You can use the CLI to main.py to modularly drop agents into arbitrary safety gridworlds. For example, python main.py boat tabular-q --lr .5 will train a TabularQAgent on the BoatRaceEnvironment with a learning rate of 0.5.

There are a number of customizable parameters to modify training runs. These parameters are split into three groups: - Core arguments: args that are shared across all agents/environments. Found in parsing/core_parser_configs.yaml.

  • Environment arguments: args specific to environments but shared across agents. Currently empty, but could be useful for specific environments, depending on the agent. Found in parsing/env_parser_configs.yaml.
  • Agent environments: args specific to agents. Most hyperparameters live here. Found in parsing/agent_parser_configs.yaml.

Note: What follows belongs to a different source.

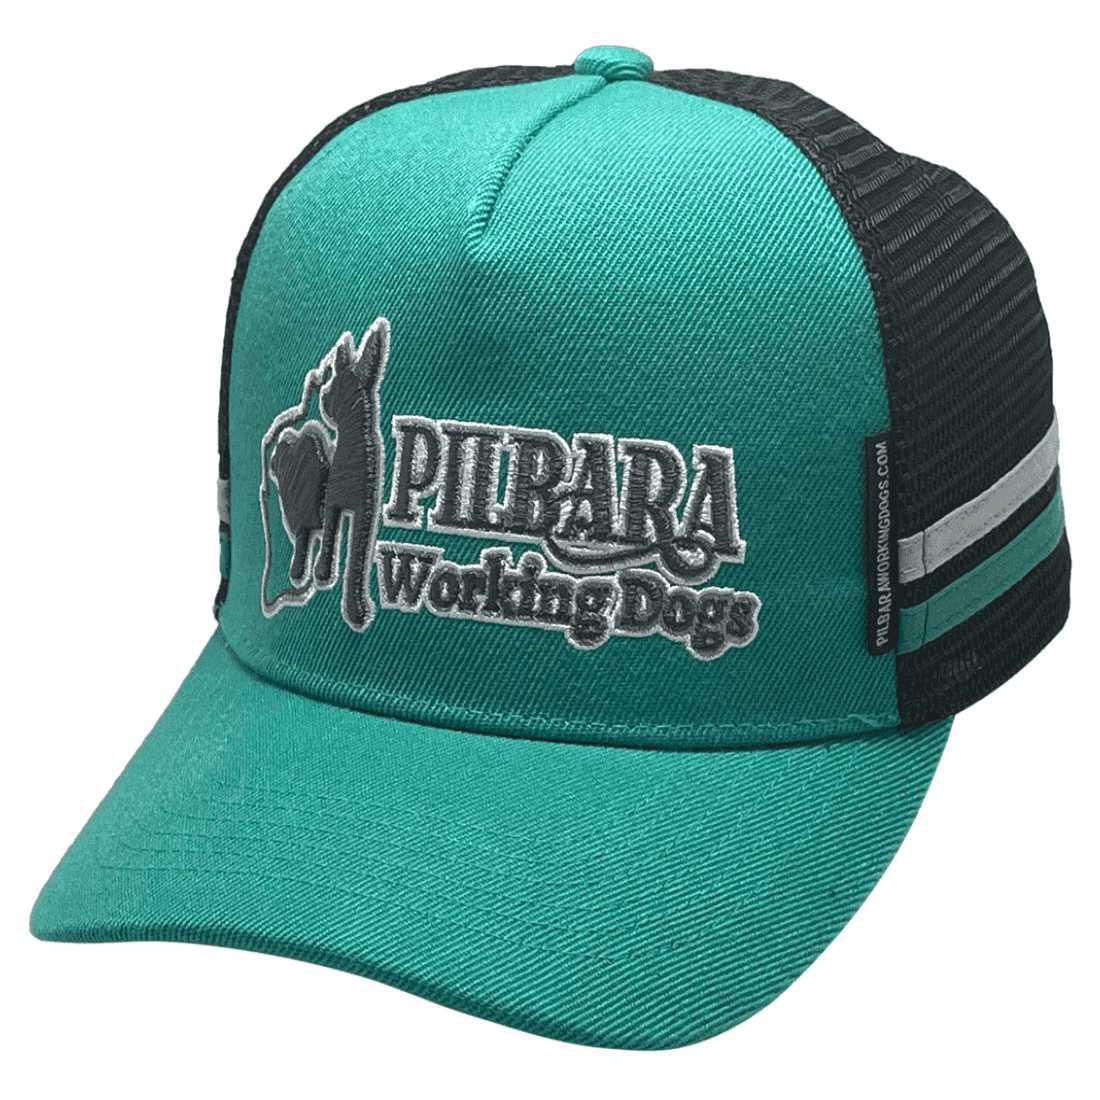 Pilbara Working Dogs (Teal) LP Midrange Aussie Trucker Hat

The generalized form for the CLI is

python main.py <core_args> env <env_args> agent <agent_args>

Ray Tune

We support using Ray Tune to configure hyperparameters. Look at TUNE_DEFAULT_CONFIG in main.py to see which are currently supported. If you specify a tunable parameter on the CLI with the -t or --tune flag, it will be automatically set.

Example

This will automatically set parameters for the learning rate lr and discount rate discount.

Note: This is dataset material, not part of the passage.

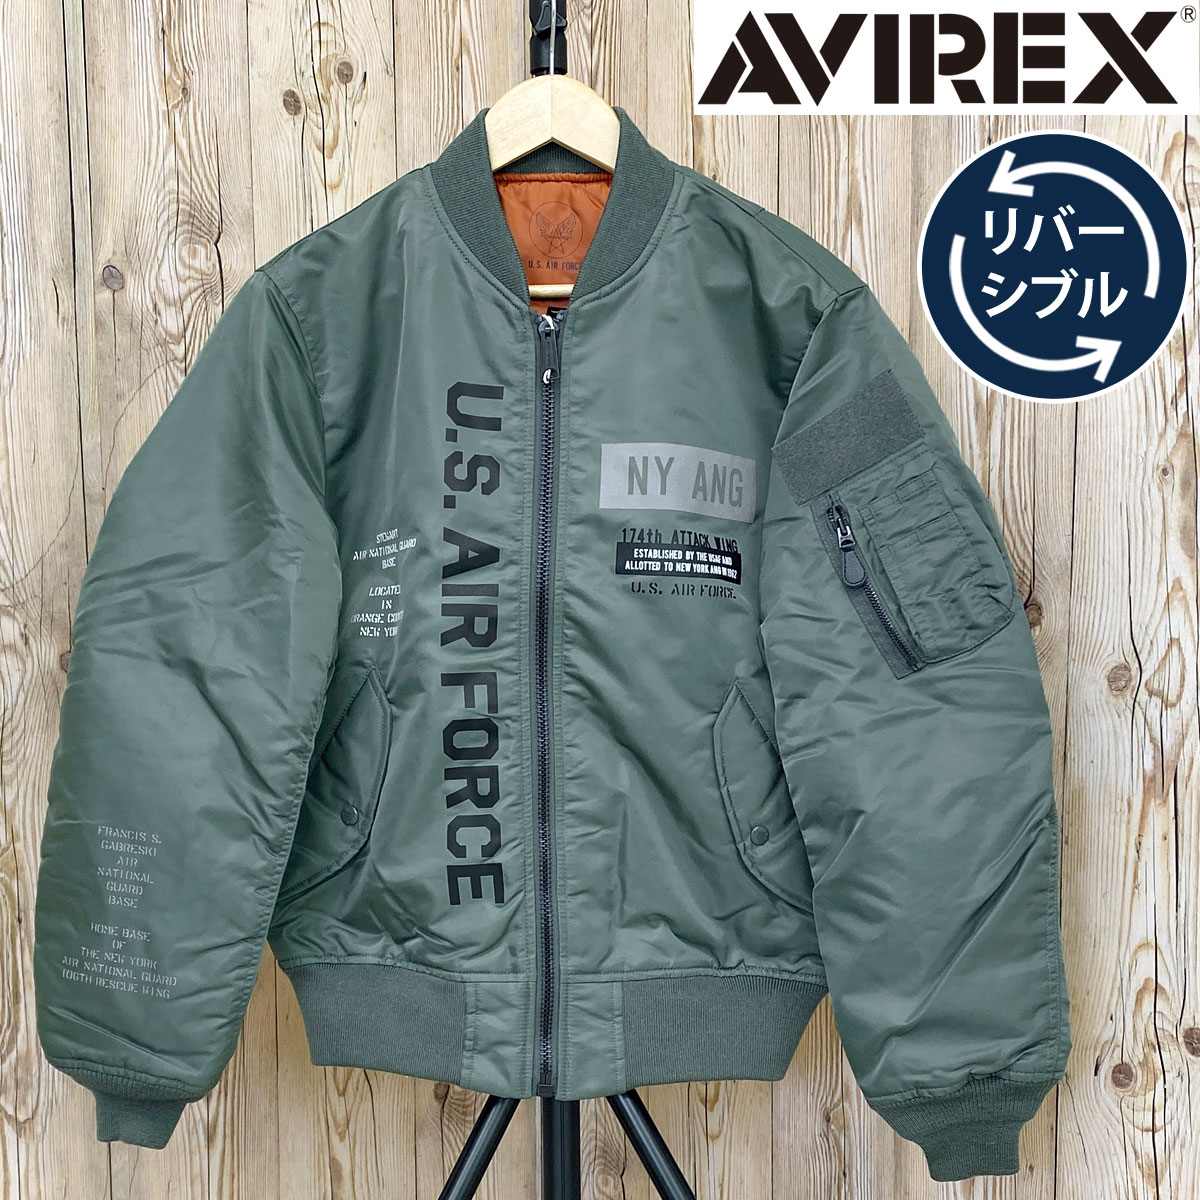 AVIREX アヴィレックス MA1 -REFLECT STENCIL-リバーシブル ジャケット ミリタリー フライト ジャケット アウター ブルゾン  メンズ ブランド アビレックス

# `-t` and `--tune` are equivalent, and can be used interchangeably.
python3 main.py -t lr --tune discount boat tabular-q

Monitoring agent learning with tensorboardX

You can use the --log-dir/-L flag to the main.py script to specify a directory for saving training and evaluation metrics across runs. I suggest a pattern similar to

logs/sokoban/deep-q/lr5e-4
# that is, <logdir>/<env_alias>/<agent_alias>/<uniqueid_or_hparams>

If no log-dir is specified for main.py, logging defaults to the runs/ directory, which can be helpful to separate debugging runs from training runs.

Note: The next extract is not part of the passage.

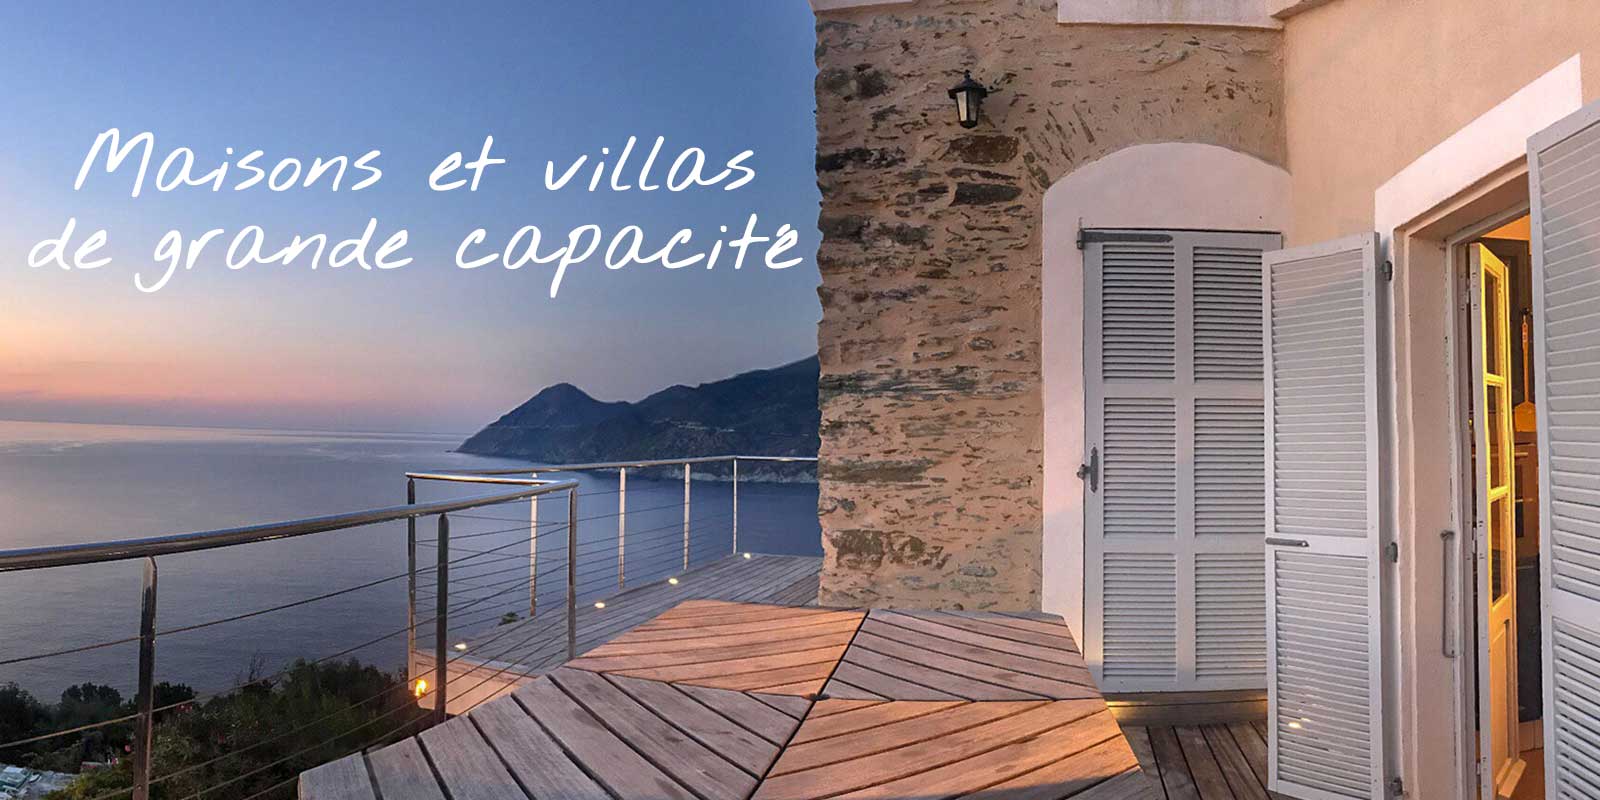 Location de vacances dans le Cap Corse pouvant accueillir plus de 8 voyageurs

Given a log directory <logs>, simply run tensorboard --logdir <logs> to visualize an agent's learning.

Development

Code style

We use black for auto-formatting according to a consistent style guide. To auto format, run black . from inside the repo folder. To make this more convenient, you can install plugins for your preferred text editor that auto-format on every save.

Adding agents

Steps to take when adding a new agent.

  1. Determine where the agent should live; for example, if you're testing a new baseline from standard RL, include it in common, but if you're adding a new SSRL agent, add it to ssrl. We'll refer to this folder as <top>.
  2. (optional) If your agent doesn't fall into these categories, create a new top-level subdirectory <top> for it (using an informative abbreviation). You should also create an abstract base class establishing the distinguishing functionality of your agent class in <top>/base.py. For example:
    • SSRL requires a stronger agent H to learn from, so we require a query_H method for each agent.
    • Additionally, following Everitt et al., we require a learn_C method to learn the probability of the state being corrupt.
  3. (optional) Implement a warmup function in <top>/warmup.py, and make sure it's importable from common/warmup.py. The noop default warmup function works for agents that don't require any special functionality.
  4. Implement a function describing the agent's learning feedback loop in <top>/learn.py. See common/learn.py for an example distinguishing DQN from a tabular Q-learning agent.
  5. (optional) Implement a function in <top>/eval.py describing the evaluation feedback loop. The default_eval function in common/eval.py should cover most cases, so you may not need to add anything for evaluation.
  6. Add a new entry for the agent's CLI arguments in parsing/agent_parser_configs.yaml. Follow the existing pattern and check for previously implemented YAML anchors that cover the arguments you need (e.g. learnrate, epsilon-anneal, etc.). These configs should be organized by where they appear in the folder structure of the repository.